Well congrats, it appears your system is all clean Are you still noticing any problems? If not, it's time to secure your system to prevent against further intrusions.
THESE STEPS ARE VERY IMPORTANT
Let's reset system restore
Reset and Re-enable your System Restore to remove infected files that have been backed up by Windows. The files in System Restore are protected to prevent any programs changing those files. This is the only way to clean these files: You will lose all previous restore points which are likely to be infected. Please note you need Administrator Access to do clean the restore points.
1. Turn off System Restore.
On the Desktop, right-click My Computer.
Click Properties.
Click the System Restore tab.
Check Turn off System Restore.
Click Apply, and then click OK.
2. Reboot.
3. Turn ON System Restore.
On the Desktop, right-click My Computer.
Click Properties.
Click the System Restore tab.
UN-Check *Turn off System Restore*.
Click Apply, and then click OK.
NOTE: only do this ONCE,NOT on a regular basis
Now lets uninstall ComboFix:
Click START then RUN
Now copy-paste Combofix /uninstall in the runbox and click OK
UPDATING WINDOWS AND INTERNET EXPLORER
IMPORTANT: You Need to Update Windows and Internet Explorer to protect your computer from the malware that is around on the Internet. Please go to the windows update site (http://windowsupdate.microsoft.com/) to get the critical updates.

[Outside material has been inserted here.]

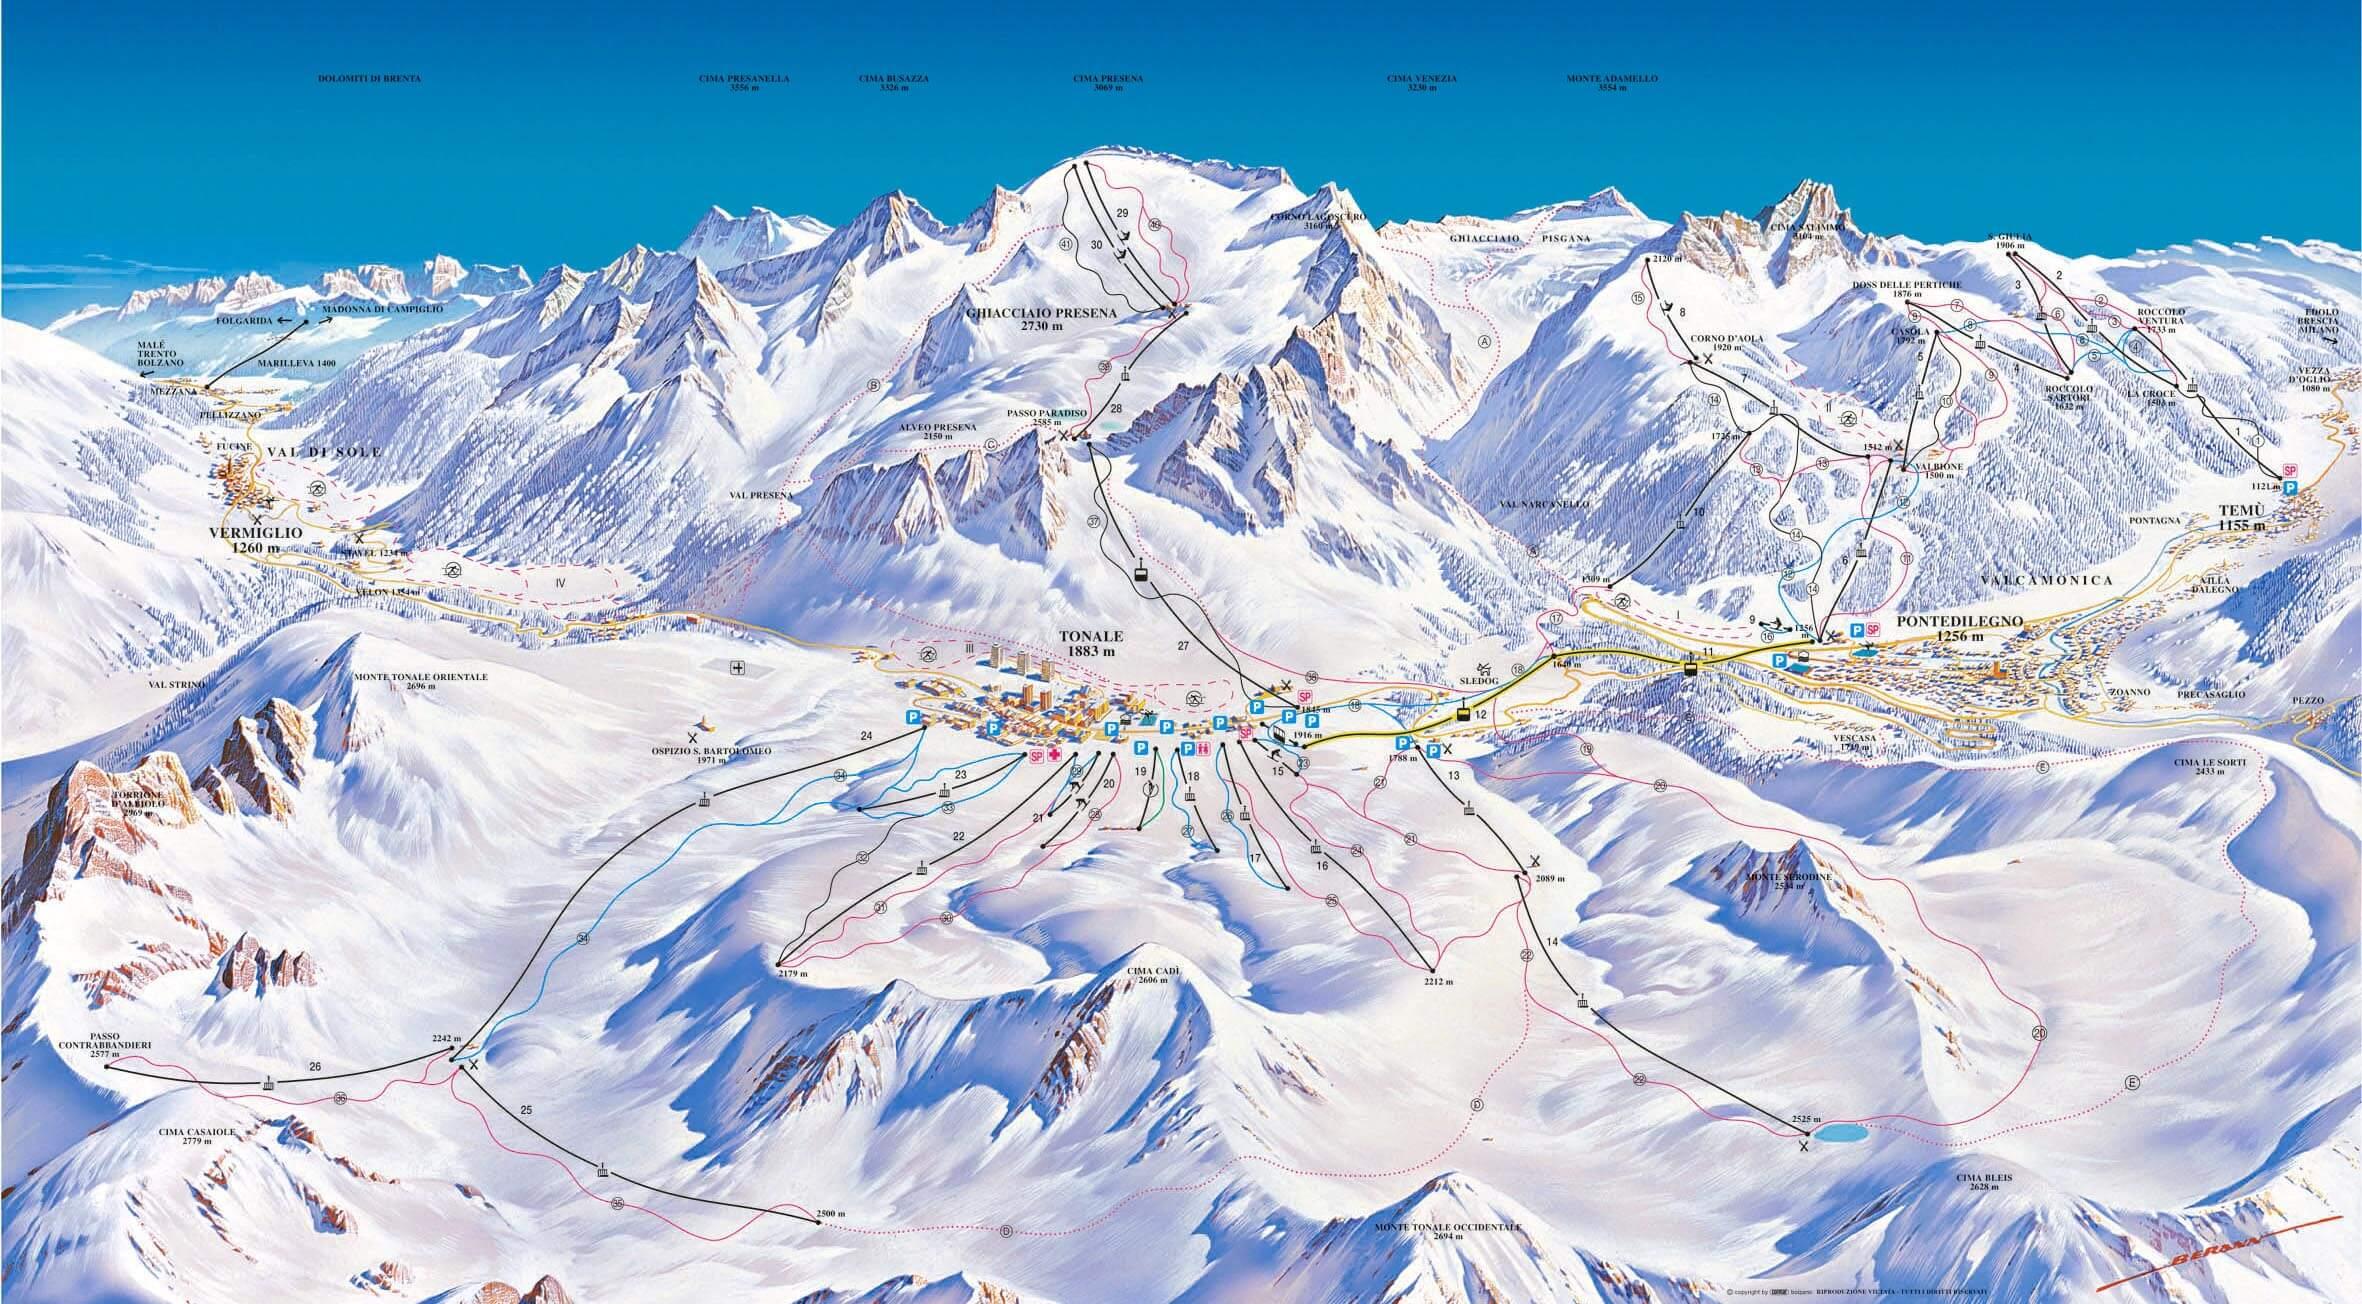 Pistes Map of Passo Tonale

Download and run Secunia Personal Software Inspector (PSI) (http://secunia.com/vulnerability_scanning/personal/) and fix its findings. Leave the program installed so you'll stay alarmed about vulnerable components in future too.
Just a final reminder for you. I am trying to stress these two points.
UPDATE UPDATE UPDATE!!! Make sure you do this about every 1-2 weeks.
Make sure all of your security programs are up to date.
Visit Microsoft's Windows Update Site Frequently - It is important that you visit http://www.windowsupdate.com regularly. This will ensure your computer has always the latest security updates available installed on your computer. If there are new updates to install, install them immediately, reboot your computer, and revisit the site until there are no more critical updates.
Once again, please post and tell me how things are going with your system... problems etc.
Have a great day,
Blade :cool:
Enuf2BDangerous
2012-08-06, 14:20
Blade81 THANK YOU!!! for all your help and your dedication. You are the best. :thanks:
Since this issue appears to be resolved ... this Topic has been closed. Glad I could help. :)
Note:If it has been three days or more since your last post, and the helper assisting you posted a response to that post to which you did not reply, your topic will not be reopened. At that point, if you still require help, please start a new topic and include a fresh DDS log and a link to your previous thread.
If it has been less than three days since your last response and you need the thread re-opened, please send me or other MOD a private message (pm). A valid, working link to the closed topic is required.